During her StoryCorps experience Carothers kept notebooks. “I wanted to write at least one sentence for each story I recorded…I gave myself a space to process what was happening…but I didn’t want to try to capture it in any one particular way…So the small amount of personal space I had was in those sentences, so I think that that year was about other people’s stories. At the same time…it just felt that I was living through them.”          

That space is necessary. Being in intimate contact with people reliving trauma, listening to “these really hard stories” as Carothers terms it, can have the same deadening effects on oral historians as on mental health professionals. Learning to reweave boundaries between herself and other people has been key, as well as re-integrating the different parts of herself as well. Writing about her experiences is helping her to do that. 

“I’m trying to work on a personal piece this semester exploring the actual colliding of the reporter lens and the oral historian lens vs. the personal lens and [I] just [keep] breaking that open.” In this way the listener becomes the storyteller as her story moves to the forefront. 

Carothers’s latest project, a 3-part series for the narrative storytelling podcast, Family Ghosts, came about because of a story she heard while with StoryCorps about Africatown an area in Alabama where descendants of the last slave ship, the Clotilda, still lived. The schooner carrying 110 people docked in 1860, years after slavery was outlawed because of a bet businessman Timothy Meaher made that he could do it.
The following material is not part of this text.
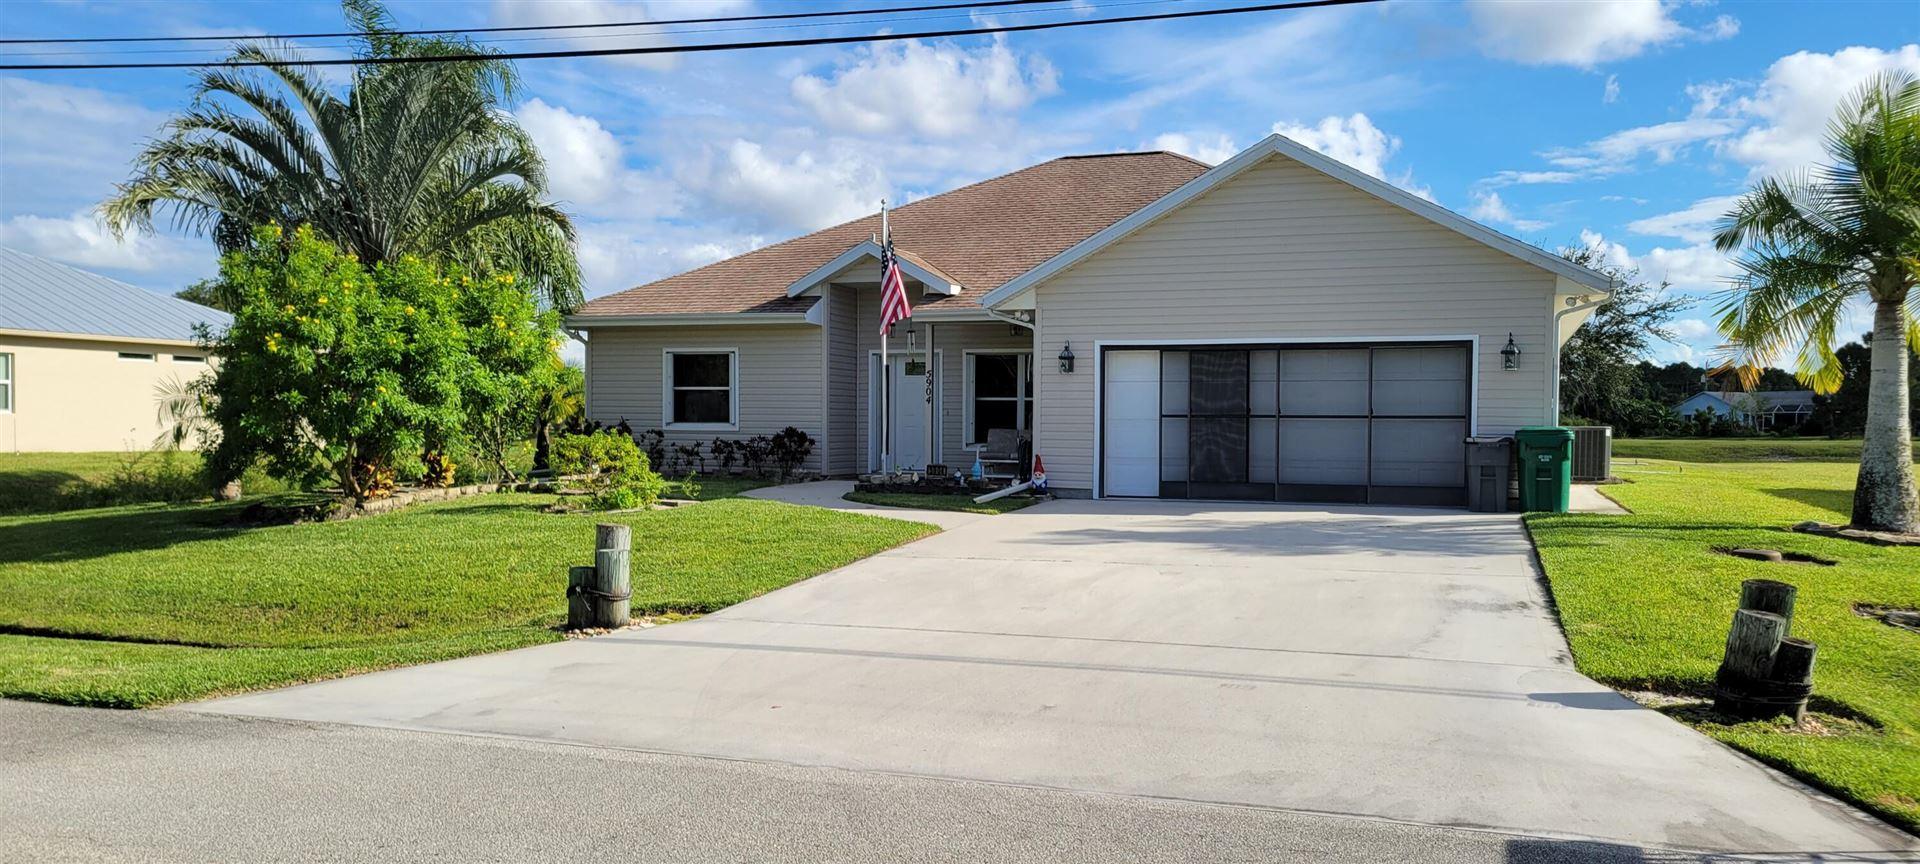 5904 NW Favian Avenue, Port Saint Lucie, FL 34986 - MLS#: RX-10748853

When the remains of the Clotilda were dredged up recently, Carothers, who was going into her second year in the MFA program, went down to Alabama to report, write, and edit segments that would eventually become the initial production of Spoke Media’s series. Listen to it here. Carothers' moving segments follow a group of descendents in their attempts to connect with the Meaher family, still prominent in the area.

Carothers’s story merges with that of her narrators’ stories in interesting and unexpected ways. “My first submission this semester was mostly about working on the podcast, the moments of intimacy I experienced with people I met in Alabama and my questioning of what those experiences meant. All of this is bringing me to a much more personal space of interrogating my motivations for doing this kind of work and my motivations for seeking out that kind of intense human contact. [I’ve been] exploring what sources of alienation or loneliness or outsiderness in my life have led me to crave these connections.”
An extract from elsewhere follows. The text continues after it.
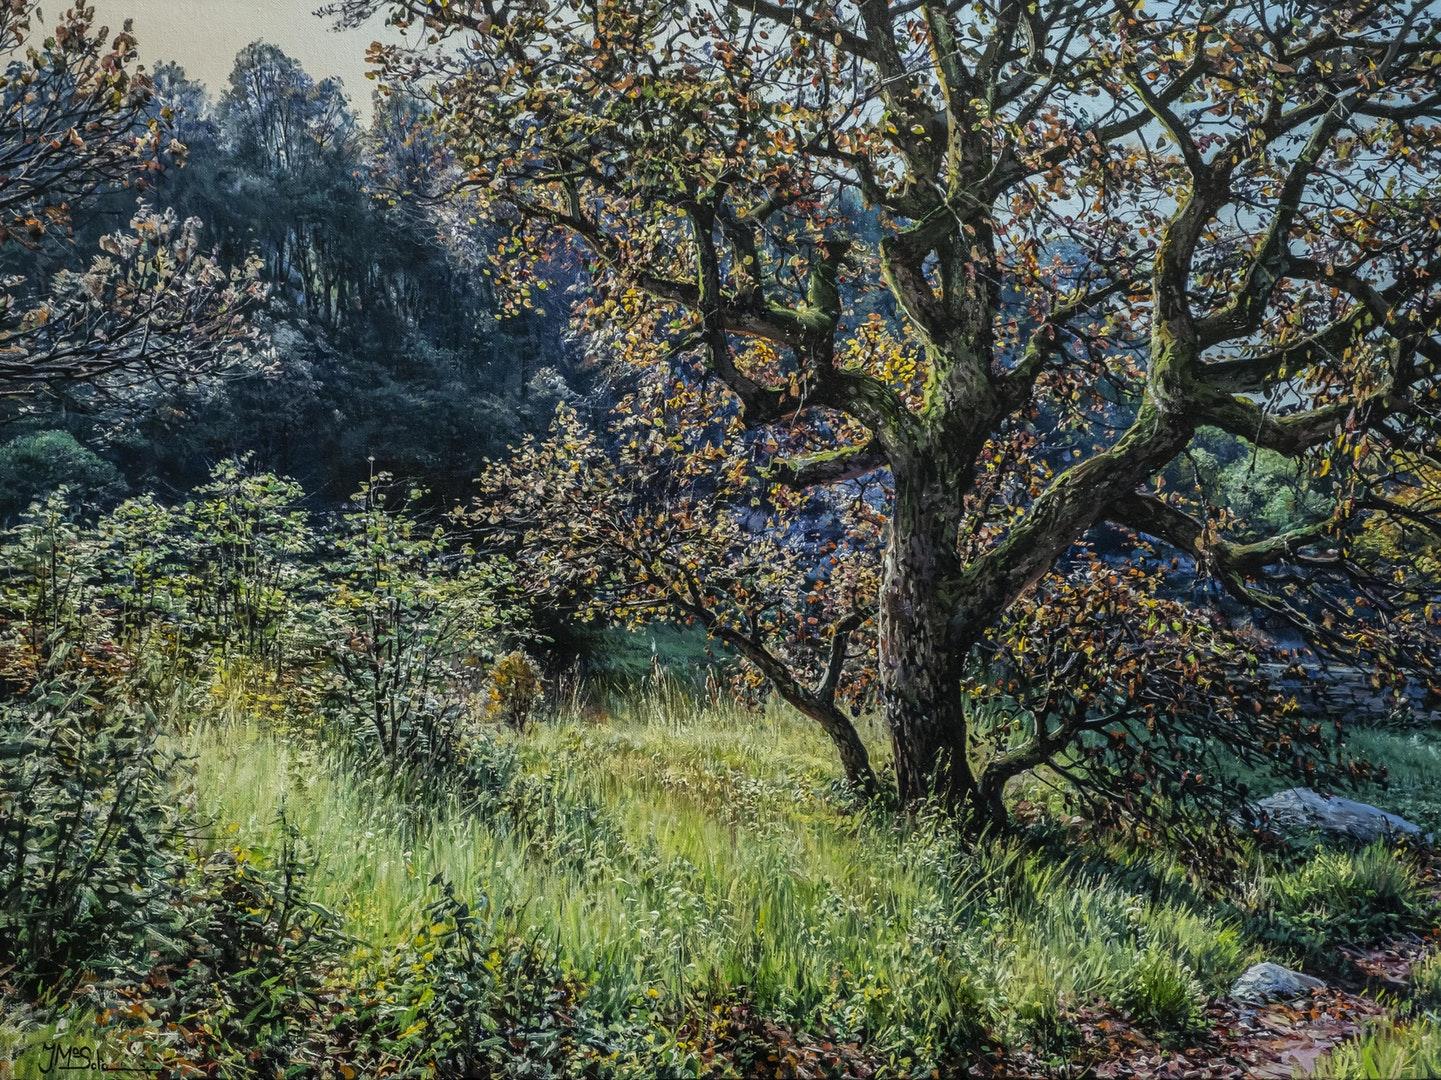 'The oak tree', Josep M. Solà, Oil on linen, 60 x 81 cm

Carothers interrogates herself honestly. “How much am I able to hear their story and really connect with it and share it in a way that makes connections across cultural differences, people from very different walks of life from me with very different experiences?” She is examining the roots of intimacy using the essay.
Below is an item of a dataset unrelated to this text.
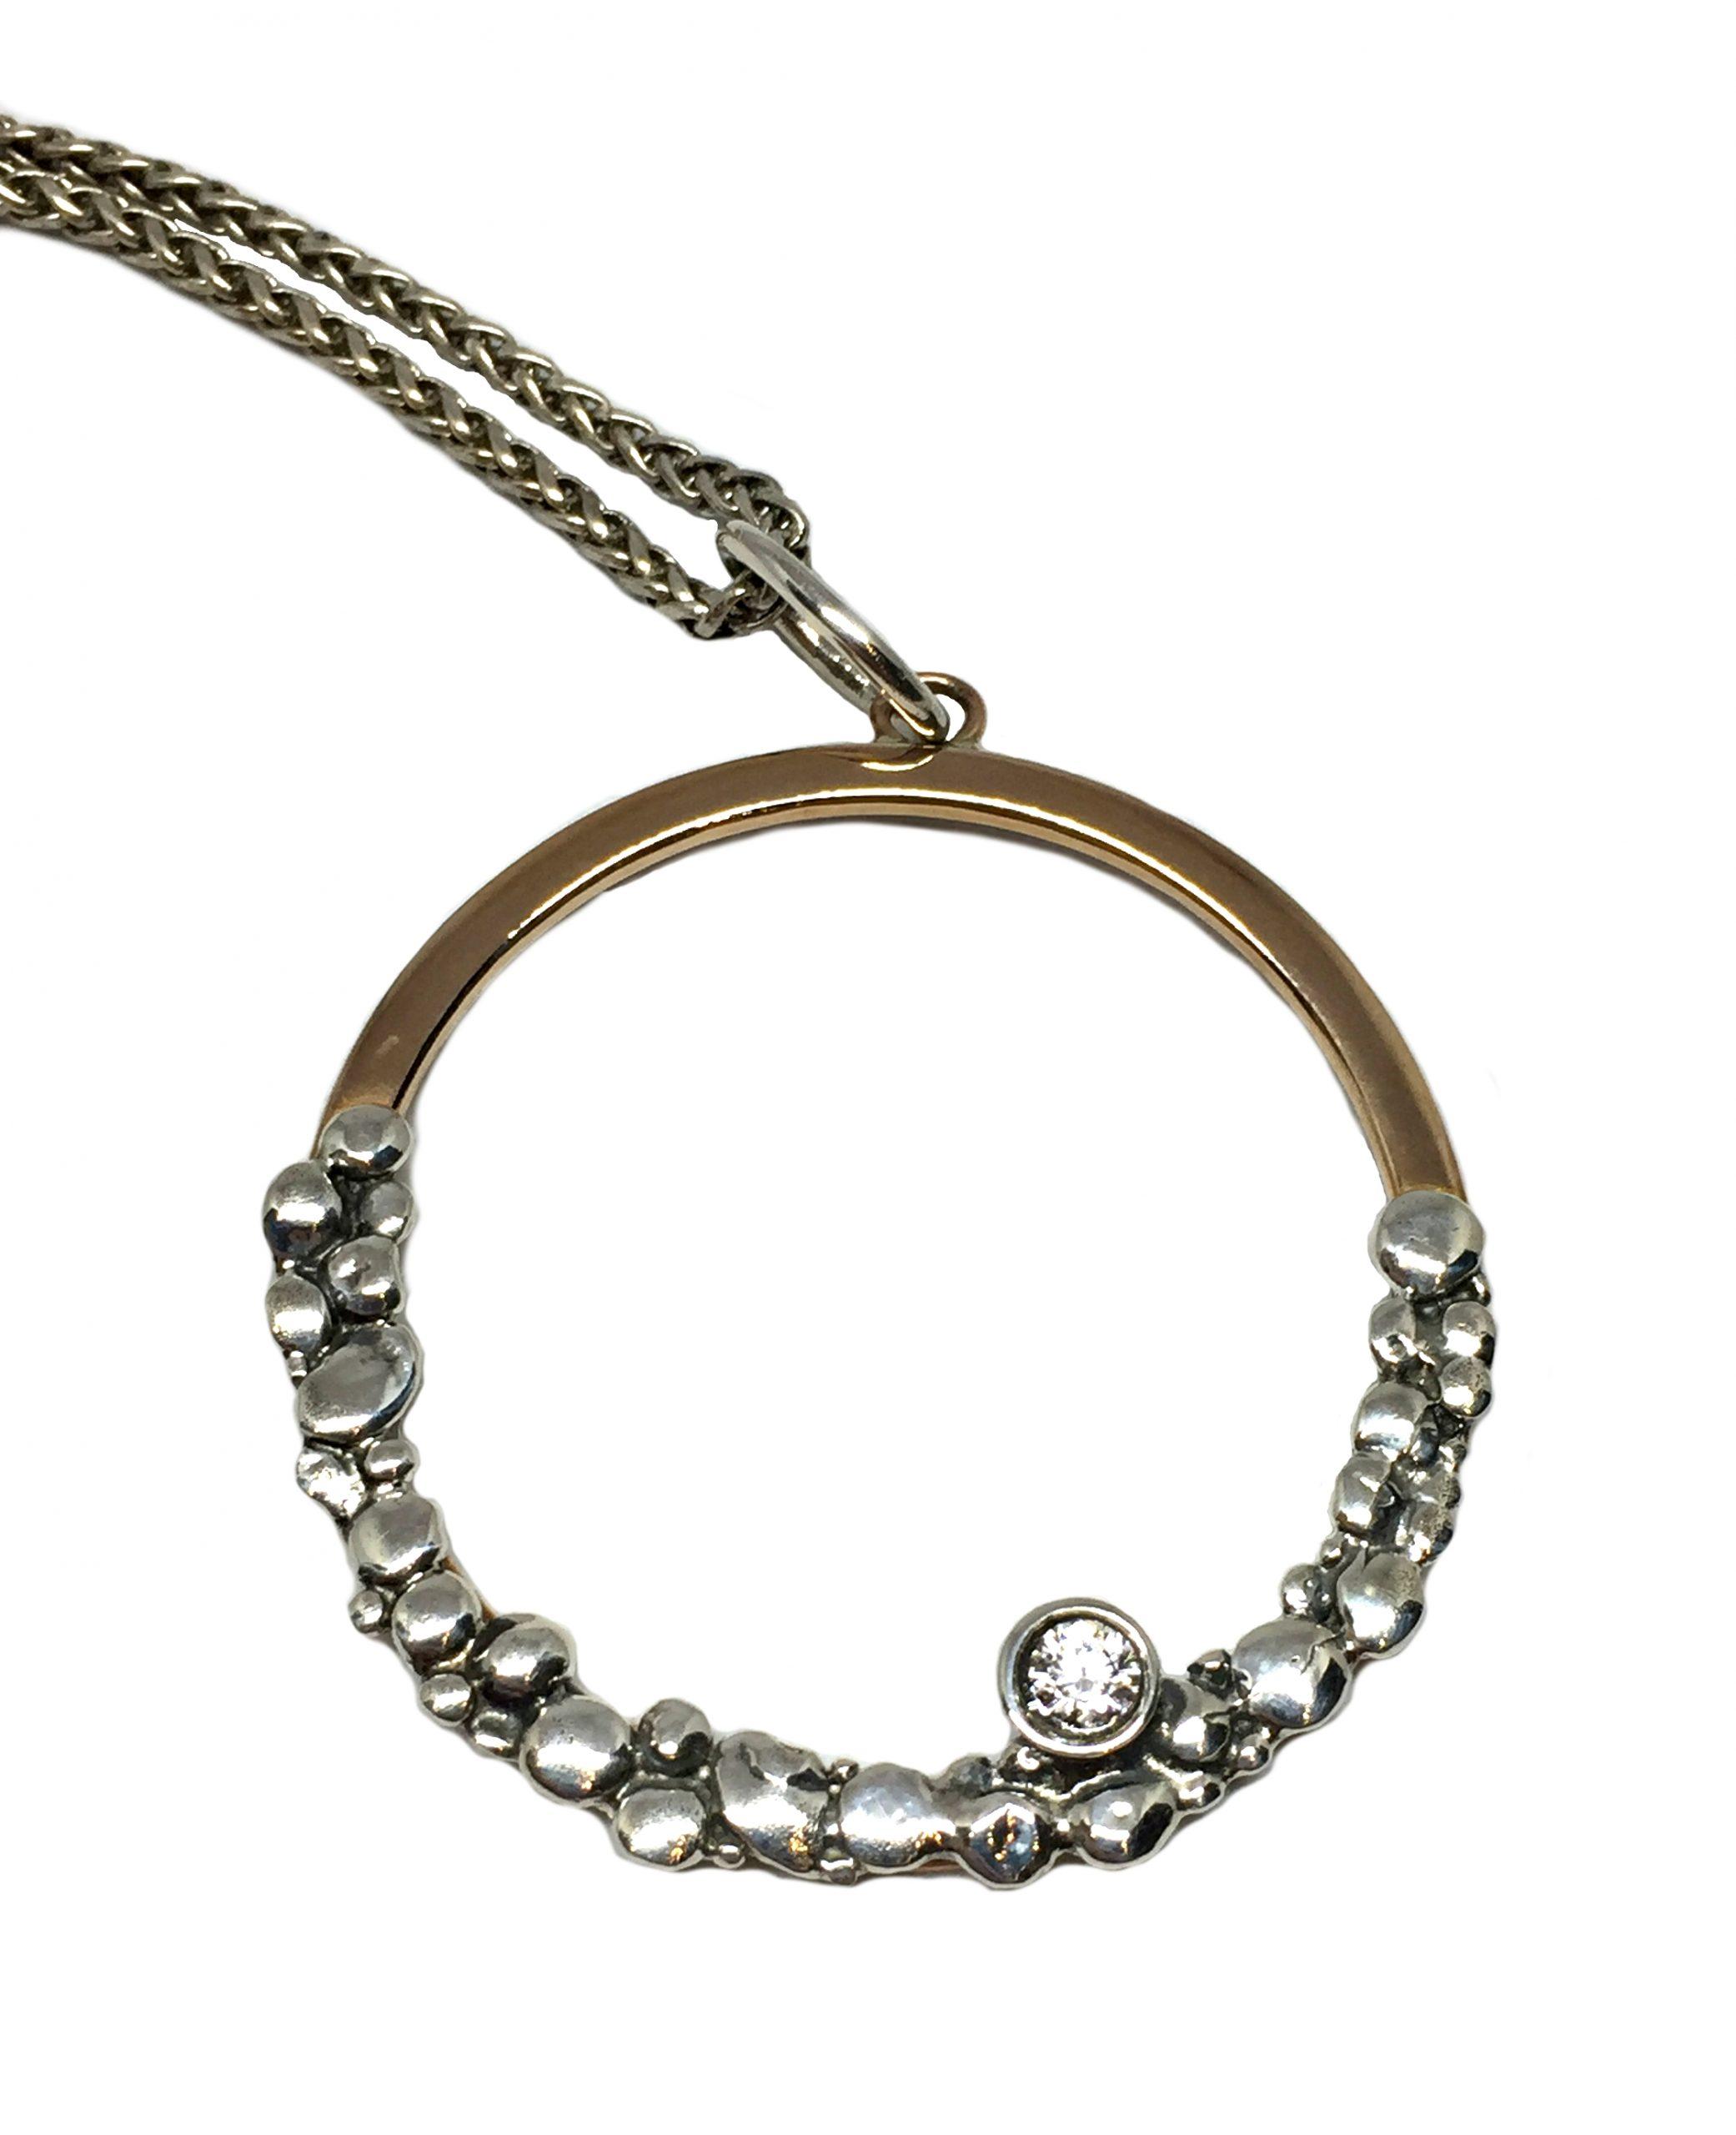 Sterling silver, bronze, + CZ pendant by Karyn Chopik | Effusion Art gallery + Cast Glass Studio, Invermere BC

There cannot be a storyteller without a listener, and Carothers, trained documentarian and professional listener has maintained a scrupulous professional reticence between herself and her narrators. Now she finds herself wanting to break through to her own voice and become more fully herself in her writing. Weaving her own story with those of her narrators in a series of essays, she explores questions of intimacy and the collective as she looks at her experiences gathering and honoring the larger American story,  to which she has been in service.  We can only be grateful she has begun to include the indispensable story of the one who listens.